Websites for writers and publications like WritersWeekly.com are filled with information about scams perpetuated upon writers. We see everything from “contests” that bilk money from aspiring writers to markets that never pay the promised compensation. One subject that’s rarely discussed is scams perpetuated by writers.

Often, a new writer will come up with innovative “out-of-the-box” ideas for promoting a book without realizing that (a) they may actually hurt sales and (b) it’s been done many times before. “Scam” is probably too harsh a word for many of these ideas, but some of them are downright unethical and illegal. That’s what we’ll focus on in this article.

The book buyers at the big chains like Barnes & Noble and Borders have seen it all. It’s hard to pull anything on them that hasn’t already been tried. You may assume that owners of small, independent bookstores exist in a vacuum, but that isn’t the case, either.
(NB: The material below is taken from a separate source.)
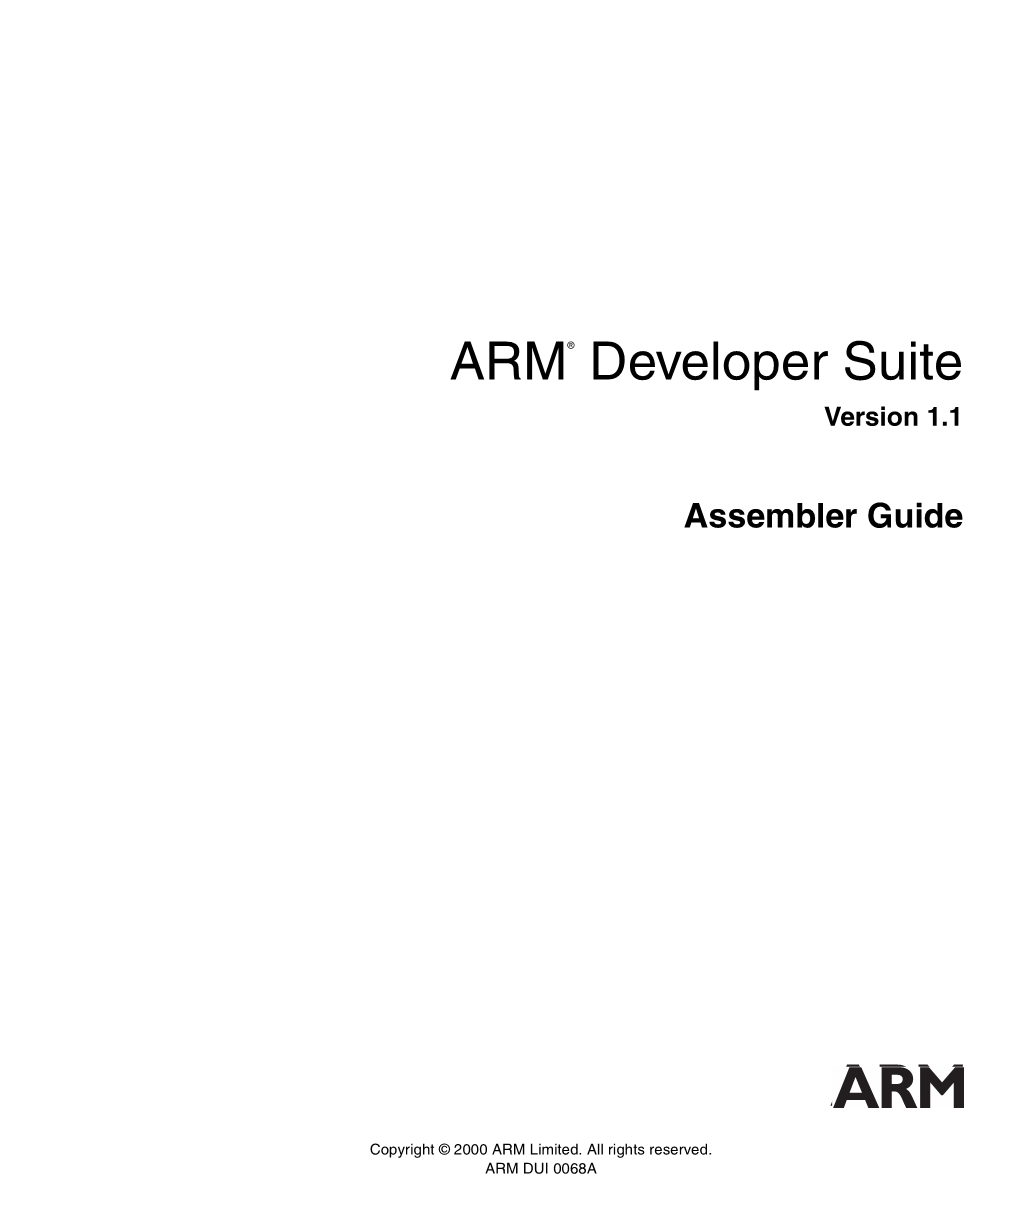 ARM® Developer Suite Version 1.1
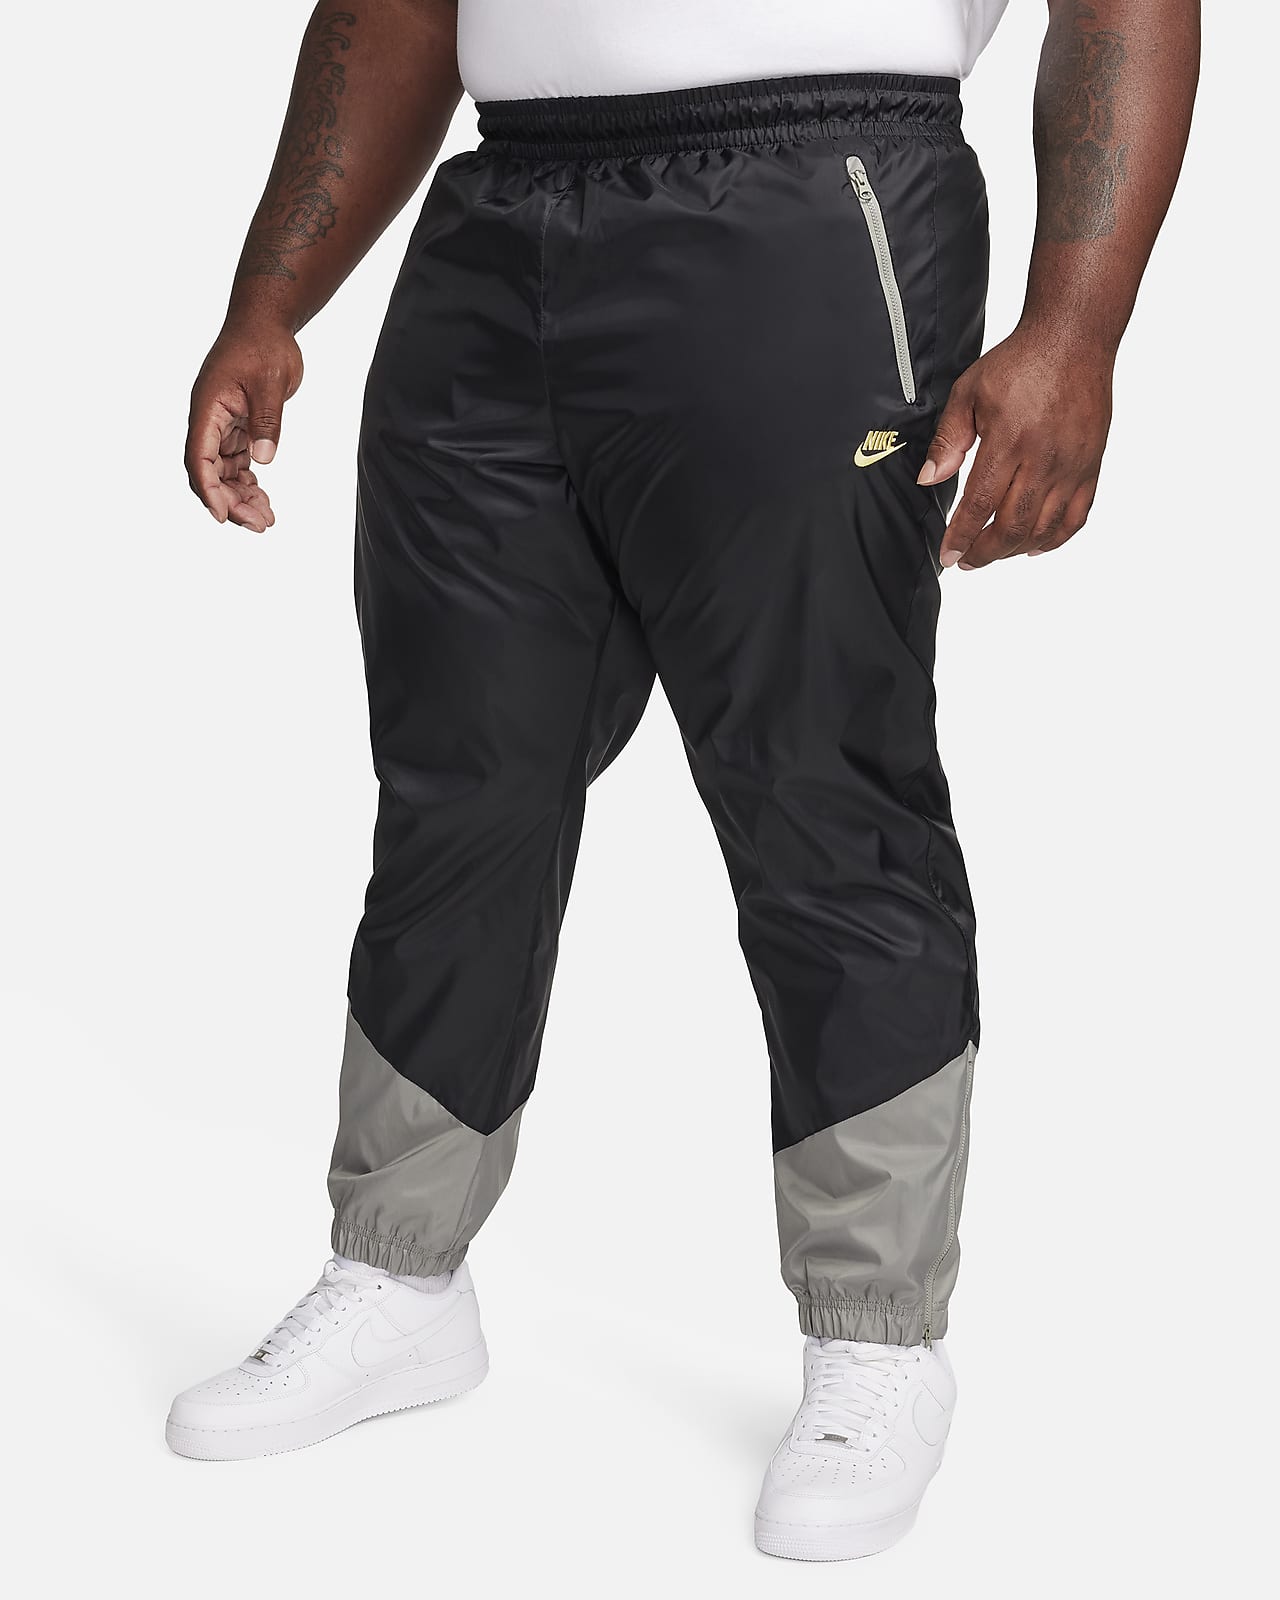 Nike Windrunner Men's Woven Lined Pants.

Over 1,200 independents are members of the American Booksellers Association, and members communicate through newsletters and online members-only message boards.

Do we really do this? Yep. There are regional book shows around the country, and owners of bookstores do sit around and share tales of scam artists and unethical book signing conduct. If you own or manage a bookstore, I’d recommend joining your regional association. My home state of Montana is claimed by two regional associations: Mountains & Plains Independent Booksellers Association (MPIBA) and Pacific Northwest Booksellers Association (PNBA).

Some authors have placed false orders for their own books through bookstores, hoping to pump up sales. Since most POD (Print On Demand) books are non-returnable, they figure the store will be stuck holding the bag and that they can pocket the royalties on the “sales.” This is actually inaccurate. Bookstores that are the victims of this scam WILL return the books and they WILL receive credit from the distributor or publisher. If they don’t, the bookstore will alert their fellow bookstore owners and everyone else in the industry to not do business with that distributor, publisher, and author. If your book is involved in this type of scam, you can kiss your future as an author goodbye, because nobody will do business with you. There are blacklists of authors in the industry and they are shared.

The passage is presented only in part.